4tlas
Smash Lord
- Joined
- Sep 30, 2014
- Messages
- 1,298
In stages first, winner can swap characters after the stage. We agree this is too powerful.
In character first, winner can ban with full knowledge of character but not of stage preference. We agree there are no "problems" with this.
In the pooled system I suggested, winner can ban with very good knowledge of stage preference and therefore marginal knowledge of character preference. The point is to get both players to exhaust their power in stages. By creating a half-commit (the pool) from one player, we can afford to give them the "last pick". Someone has to have the last pick, and that person has the power.
You keep saying pool info is not as concrete as the character commitment the counterpicked has to make, but that's the whole point. Its some info to let them make a decision, so better than stage first where they have none. The pool commits the counterpicker to a few options beforehand, so they don't have the whole stagelist to choose from. The counterpicked can force the stage to be within certain parameters but does not know the actual stage, and thus cannot pick a character to perfection but can pick something that doesnt get destroyed if they have it. The counterpicker does know what character his opponent is playing but is stuck with few options for stages (that he chose beforehand), and gets to counterpick character and (somewhat) stage.

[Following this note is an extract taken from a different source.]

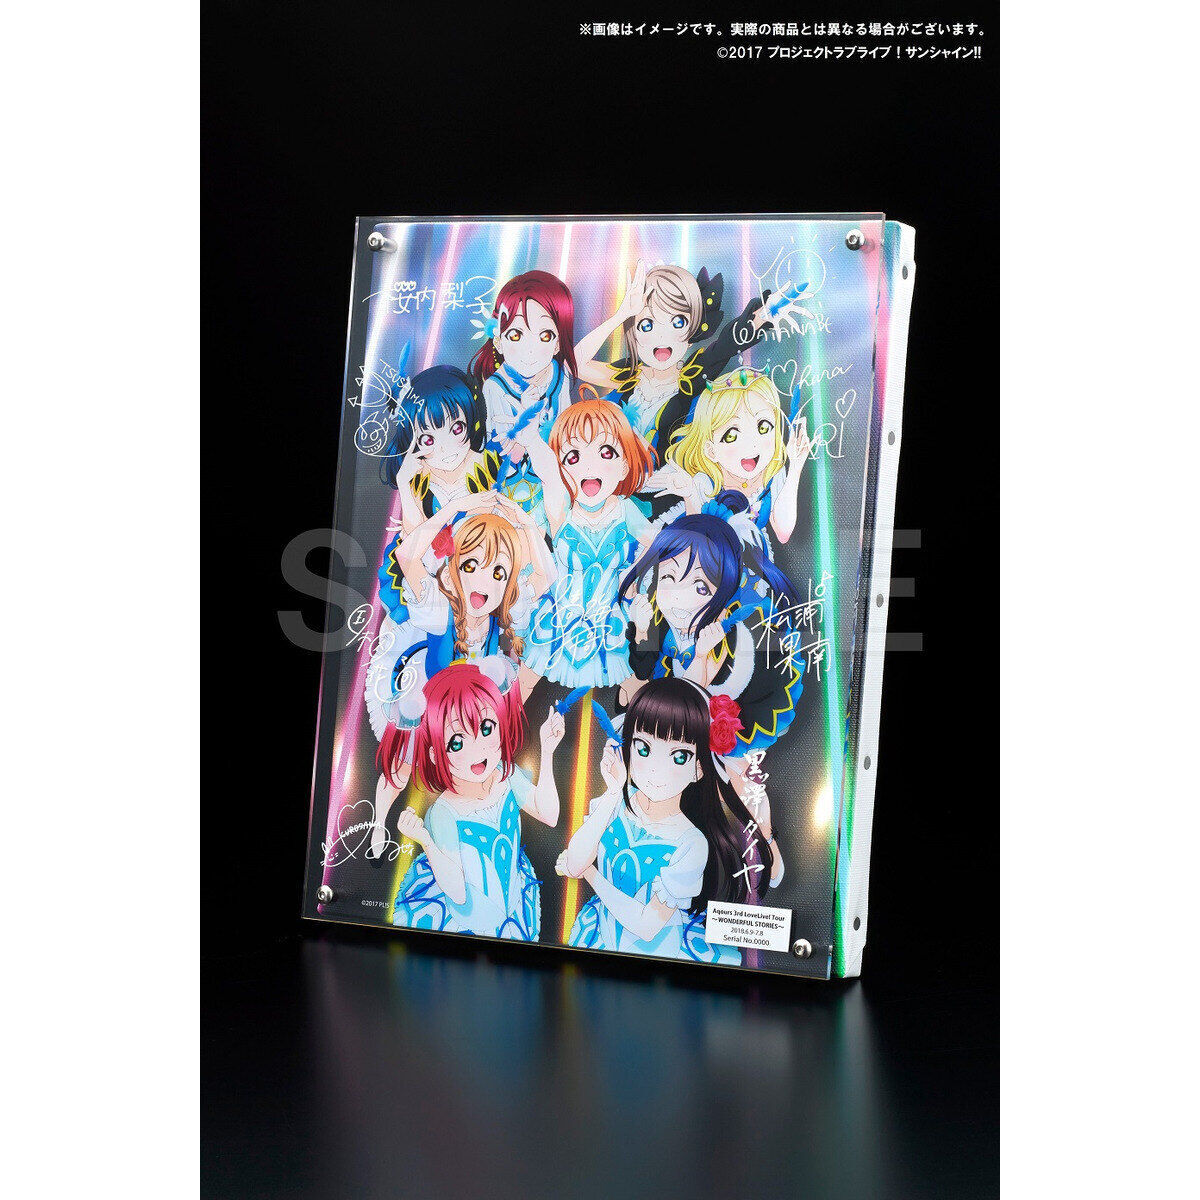 ラブライブ!サンシャイン!! Blu-ray BOX - DVD/ブルーレイ

In character first, winner can ban with full knowledge of character but not of stage preference. We agree there are no "problems" with this.
In the pooled system I suggested, winner can ban with very good knowledge of stage preference and therefore marginal knowledge of character preference. The point is to get both players to exhaust their power in stages. By creating a half-commit (the pool) from one player, we can afford to give them the "last pick". Someone has to have the last pick, and that person has the power.
You keep saying pool info is not as concrete as the character commitment the counterpicked has to make, but that's the whole point. Its some info to let them make a decision, so better than stage first where they have none. The pool commits the counterpicker to a few options beforehand, so they don't have the whole stagelist to choose from. The counterpicked can force the stage to be within certain parameters but does not know the actual stage, and thus cannot pick a character to perfection but can pick something that doesnt get destroyed if they have it. The counterpicker does know what character his opponent is playing but is stuck with few options for stages (that he chose beforehand), and gets to counterpick character and (somewhat) stage.
As I explained in the original post to start this debate, people LIKE negating stage with a character swap. This is an attempt to find a system that doesn't lead to abuse but allows such an ability. So no, there is no "problem" with Character First, except that people want their secondaries incentivized with regards to stages and not just matchups. I don't think its necessary, but I enjoy the theorycrafting and I know a lot of other people like it.I don't see any reasonable explanation where pooled picks (assuming the format where Winner has to go first and exhaust ban + char pick) functions better or healthier than characters first. The question I guess should be asked, is what unfavorable situation happens in characters first, that is properly addressed by doing pooled picks in that manner?